Maybe if he/I saw a Crossfit gym that seemed safe and had good oversight it’d be different.
(Though I guess if I wanted a new routine I could have my boyfriend make one up for me, ha. I hadn’t really thought of that.)
The owner/trainer of the gym I went to was really careful about form for the Olympic lifts. We’d do a good 15 minutes of form work before any lifting activity with little or no weight, then moderate weight. Even on lifts we were versed on. And we had open gym days where people could come in to just work on skills and lifting form. I’ve never noticed that the heavy lifting was in high reps. Sometimes it would be a moderate weight dead lift (<100#) in conjunction with other exercises, though.
I agree with this. The Crossfit gyms I’ve seen of/ heard tend to pay little attention to form or safety. I know this is a problem at many gyms, but it does seem to be worse at Crossfit gyms. And I’d have a big problem with paying $150+/month for a gym that passively encourages exercising with a high risk of injury.
Someone did make a series of compilations on YouTube:Â http://www.youtube.com/watch?v=NnnOWfj2TW4
I also agree with the criticisms of the Paleo diet. Some Paleo people act like you’re immoral if you eat grains/dairy, claim that those foods make people sick, ignore evidence contrary to their diet religion, and are often illogical about their dietary choices.
I definitely worry about safety. I’m not above saying no to an exercise if I’m worried about injury, but my gym is pretty precise about form. I have heard of people at some CrossFit gyms really screwing things up from poor instruction.
I did it for 3 months (I had a semester gym pass for $70) and it was okay. I gained 10lbs of muscle and my clothes didn’t fit anymore, but I am not one of those people that gets a high off of that sort of workout. It comes down to preference, and I like to be outside hiking or skiing instead. You can forget about that damn diet, too, I was just trying to finish my degree.

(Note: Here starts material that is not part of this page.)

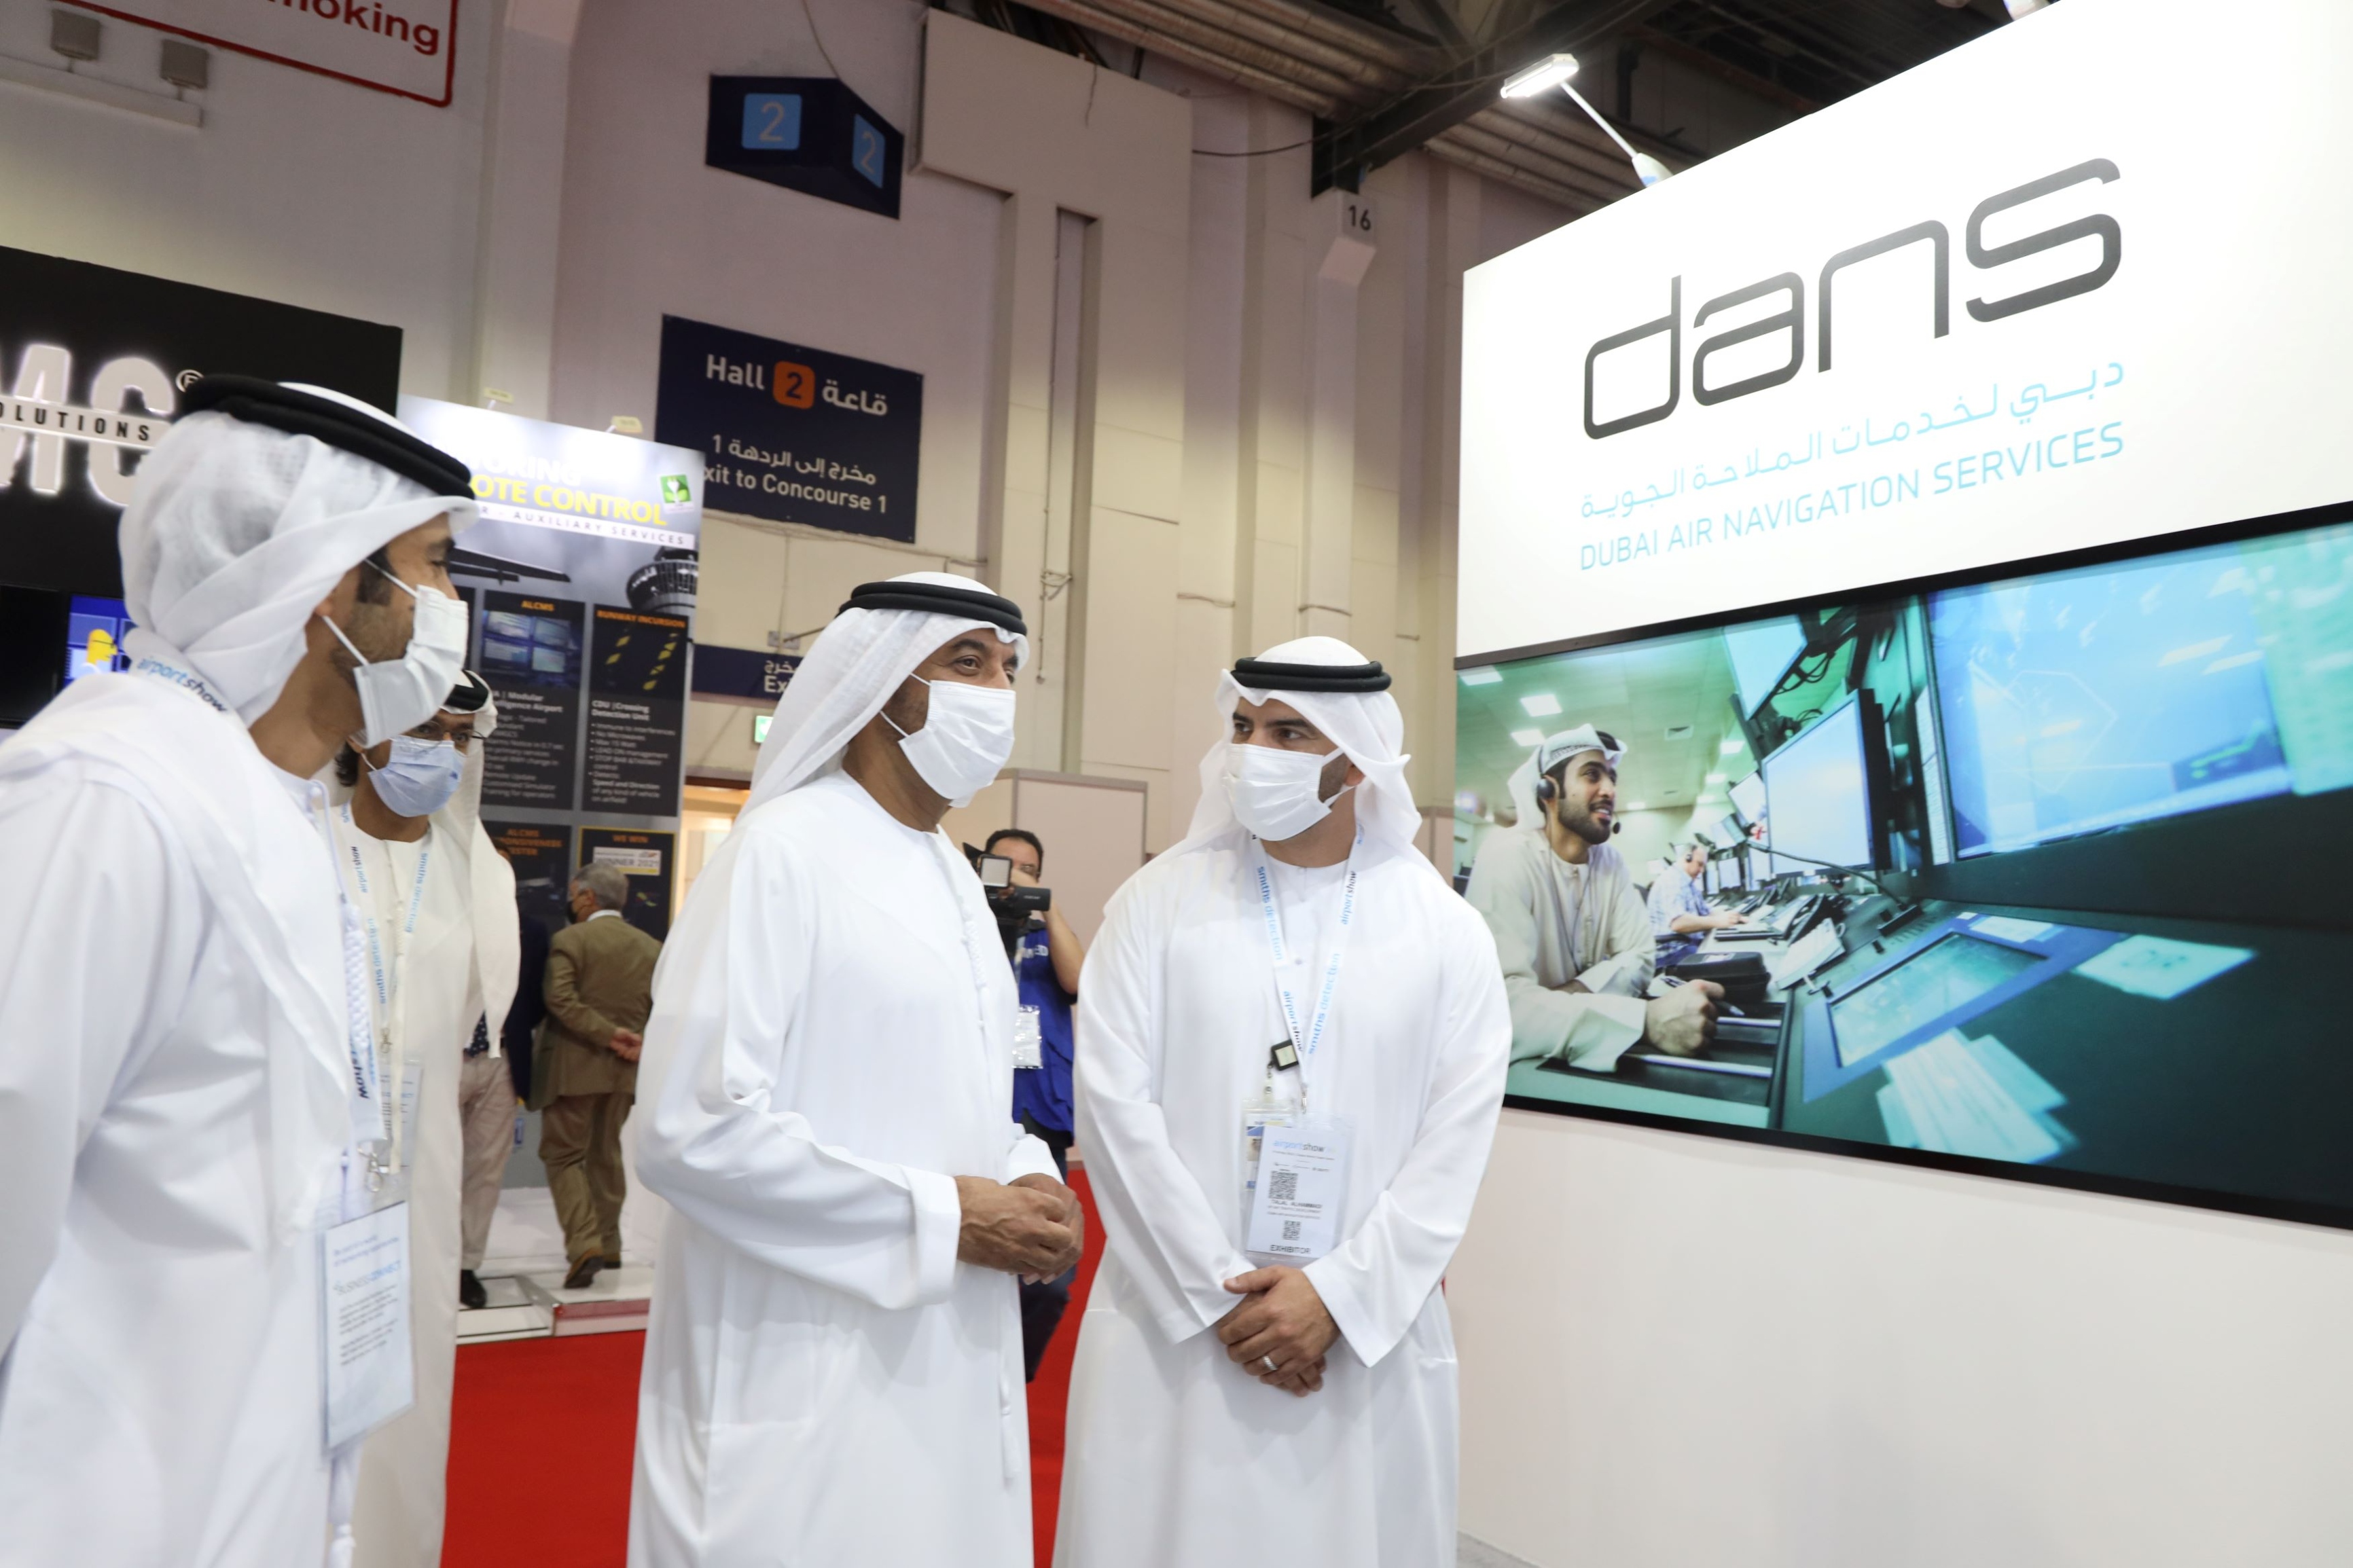 أحمد بن سعيد يطلع على إنجازات مؤسسة دبي لخدمات الملاحة الجوية

I did crossfit for about 6 months and really really enjoyed it, for many of the reasons you stated. I was stronger than I’ve ever been. I ended up letting my membership lapse bc it was really expensive ($100/month with a yer commitment), it was 30 miles away, and when I started working full time, my schedule only allowed me to go to a couple classes a week, which made it really not worth the money it was costing me. I have included the exercises I learned into my regular workouts, though. I also liked the team aspect of it, but that you were only competing against your last best time/weight/etc.

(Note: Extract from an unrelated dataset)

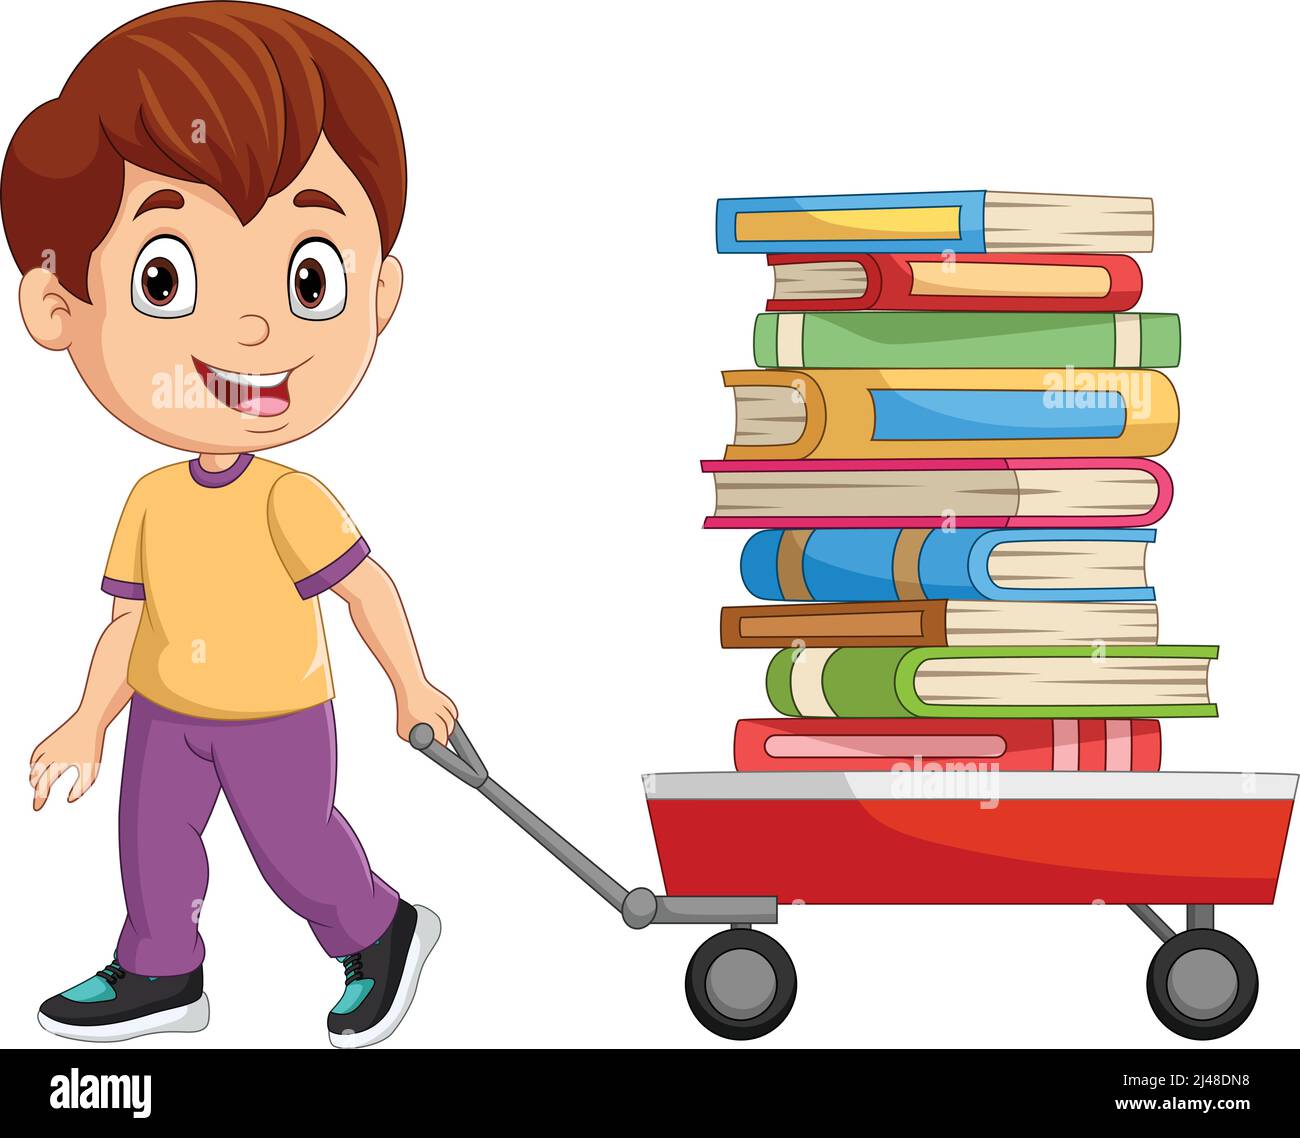 Cartoon kleiner Junge Zug Waggon Wagen mit Stapel von Büchern Stock Vektor

The Paleo thing wore on me big time. I’m suspect of any diet that makes you sick the first two weeks your on it. (anecdotal evidence from the gym’s fb page when they would do 30-day strict Paleo challenges)
Yeah. I like to eat food. Real food. In moderation. I’m going to write a book and call it the Aristotilian diet “Everything in moderation.”
I do Barry’s Bootcamp. Â Would love to checkout a cross-fit.